Давайте спросим себя: "А что влияет на положительное решение о покупке, когда пользователь видит рекламу?"
Ответ: "Положительное отношение к бренду - лояльность клиента"
То есть мы просим систему выбрать покупателей из среды заинтересованных лиц, которые возможно и заинтересованы, но смешаны с теми, кто готов, но не имеет лояльного отношения к бренду. Поиск факторов подбора таким образом усложняется. Охват аудитории слишком большой и в целевую аудиторию для показов попадает слишком много случайных пользователей.
Так как же мы можем помочь системе обучить алгоритм подбора создать для нас такой набор факторов, который был бы идеальным для наших конверсий в заявку ?
Путь создания кампании с идеальными условиями для работы Мастера кампаний.
Выходит, что для эффективного подбора аудитории, прежде чем обучить искусственный интеллект, мы должны сперва "Подготовить аудиторию"

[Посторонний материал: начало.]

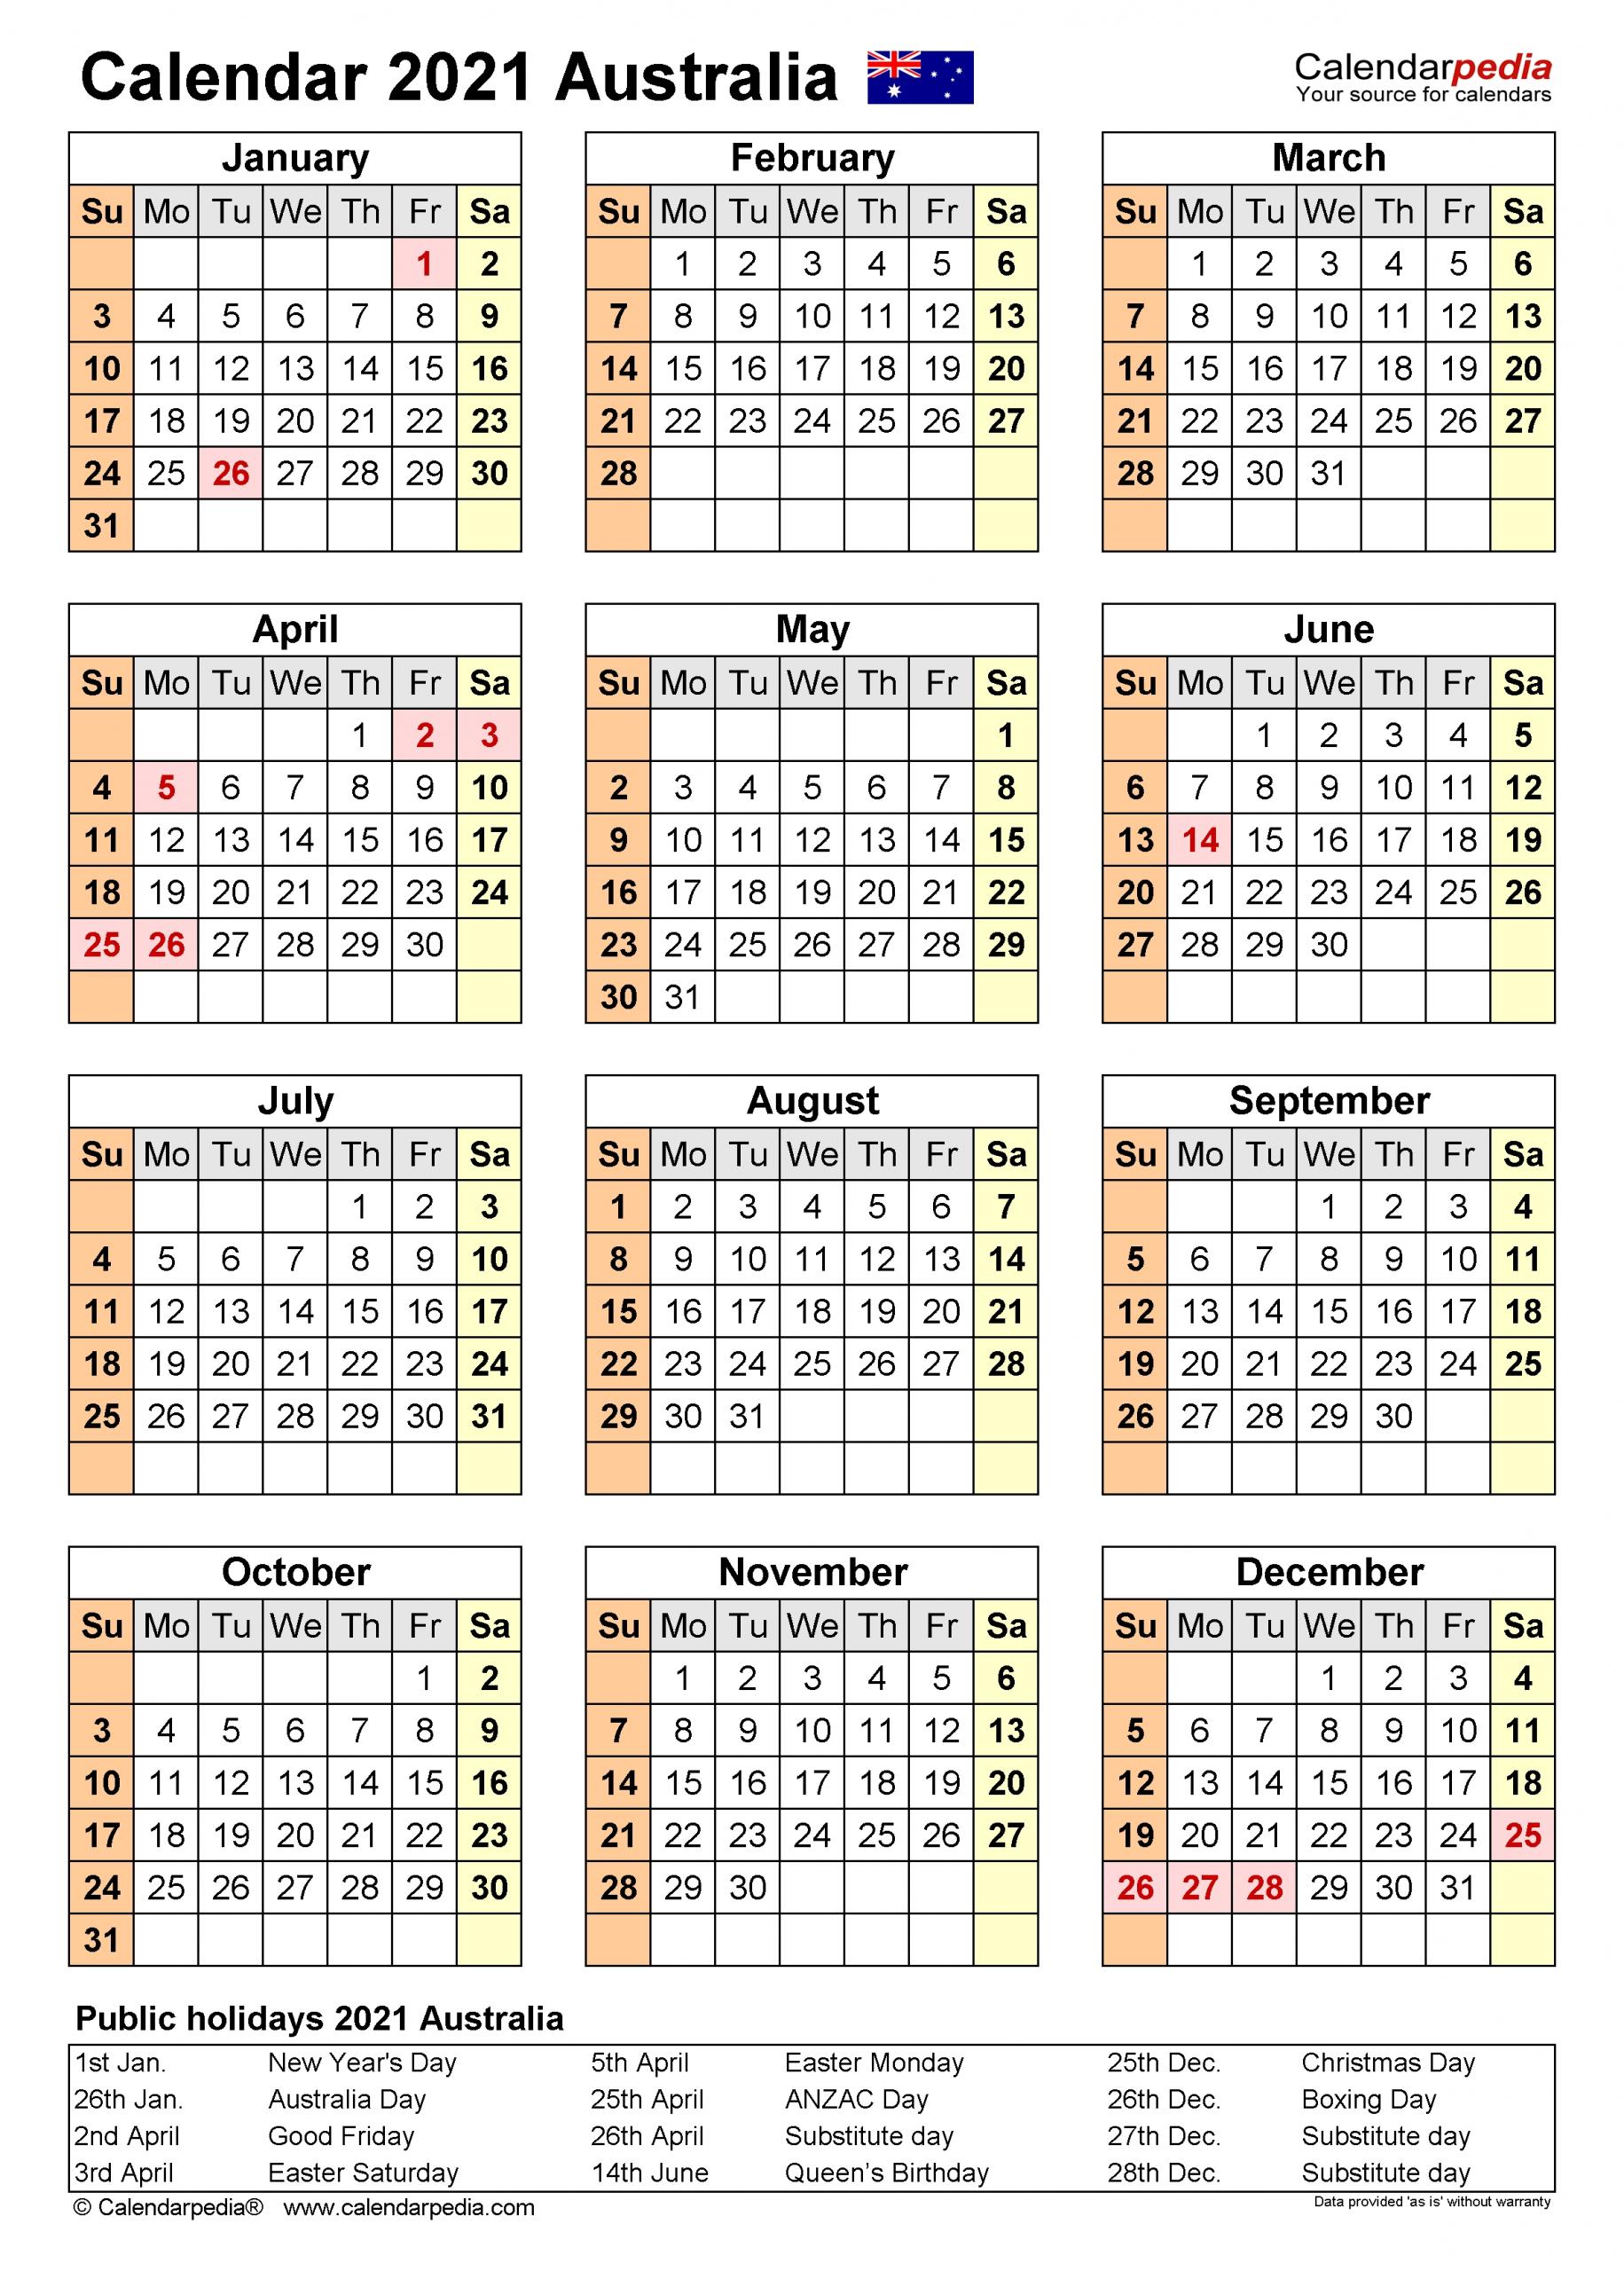 Australia Calendar 2021 - Free Printable Pdf Templates  What Financial Year In Australia

Пробудить лояльность клиента к бренду, поработать с возражениями, покрутить показы в РСЯ, чтобы "Прогреть аудиторию" , а именно:
- Сократить время принятия решения о покупке в пользу бренда, за счет демонстрации разных вариантов бренда с подстройкой.
Так складывается, что с одной стороны мы понимаем важность смещения равноверсия в пользу принятия решения за счет лояльности к бренду.

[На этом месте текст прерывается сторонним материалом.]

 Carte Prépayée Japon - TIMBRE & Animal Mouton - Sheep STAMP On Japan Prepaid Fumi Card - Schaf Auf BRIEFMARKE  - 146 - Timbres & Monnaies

А теперь давайте посмотрим, чему нас учит подход к созданию рекламных кампаний с нуля.
Это последовательное сопоставление от "Более широкой" к "Более узкой" аудитории путем применения различных инструментов.
То есть азбучная истина с одной стороны, и здравый смысл с другой стороны говорят нам об одном и том же!

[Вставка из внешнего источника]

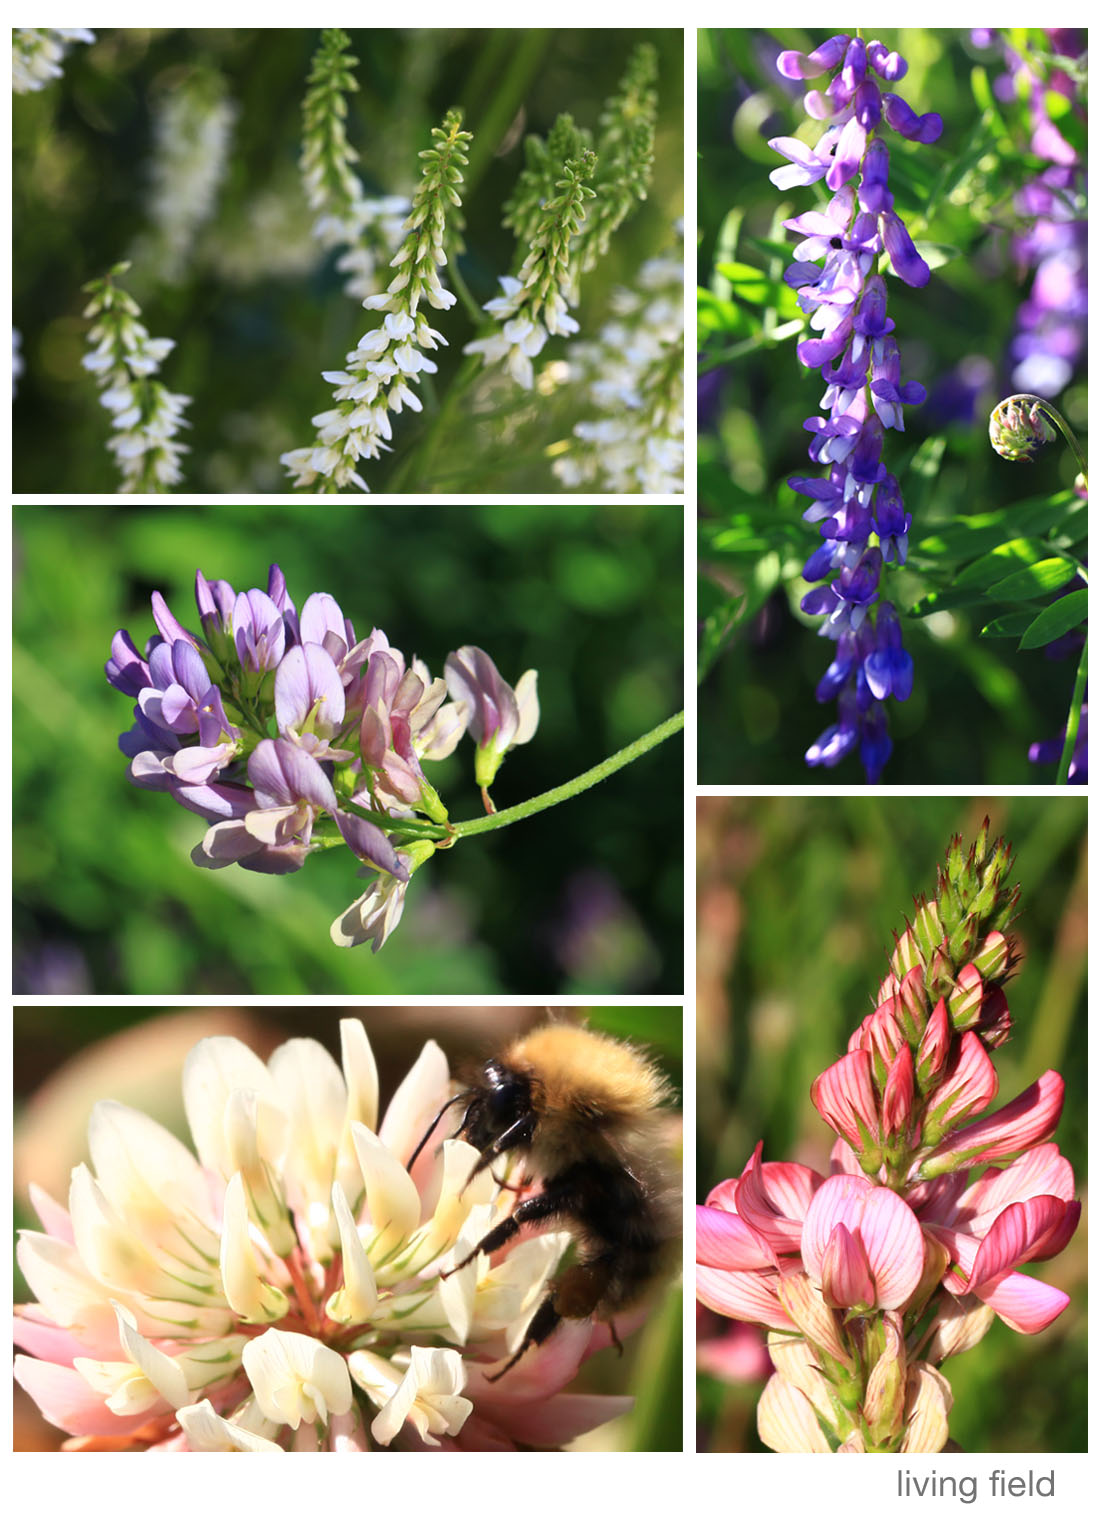 Legumes flowering in the garden, 3 August 2015 (Living Field)

А именно, создать теплую атмосферу в определенной среде пользователей и эксплуатировать эту среду в конверсионных целях.
Настройка рекламной кампании "С Нуля"
Есть два разных пути для создания медийного плана кампании.
Это можно описать ответом на вопрос, на который отвечает интент пользователя "Надо" или "Хочу".
То что "Надо" обычно выбирается долго, взвешенно, изучается много сайтов, из которых выуживается информация о соотношении Цена/Качество и Отзывы. Для отзывов обычно служит информация в соцсетях.
Когда интент отвечает на вопрос "Хочу" - обычно это импульсивные покупки, для которых длительный процесс создания аудиторий будет излишним, так как пользователь заходит на "Поиск" и задает запрос:
- "Заказать шашлык с доставкой"
И тут же получает варианты, одним из которых он заинтересуется.
Но так ли все просто?
Конечно же нет, и в данном случае так же существует проблема кликфрода и несуществующих заявок, которые имеют место и являются сильным бичом эффективных рекламных кампаний, особенно создаваемых в Мастере кампаний так как там невозможно управлять условиями подбора аудитории.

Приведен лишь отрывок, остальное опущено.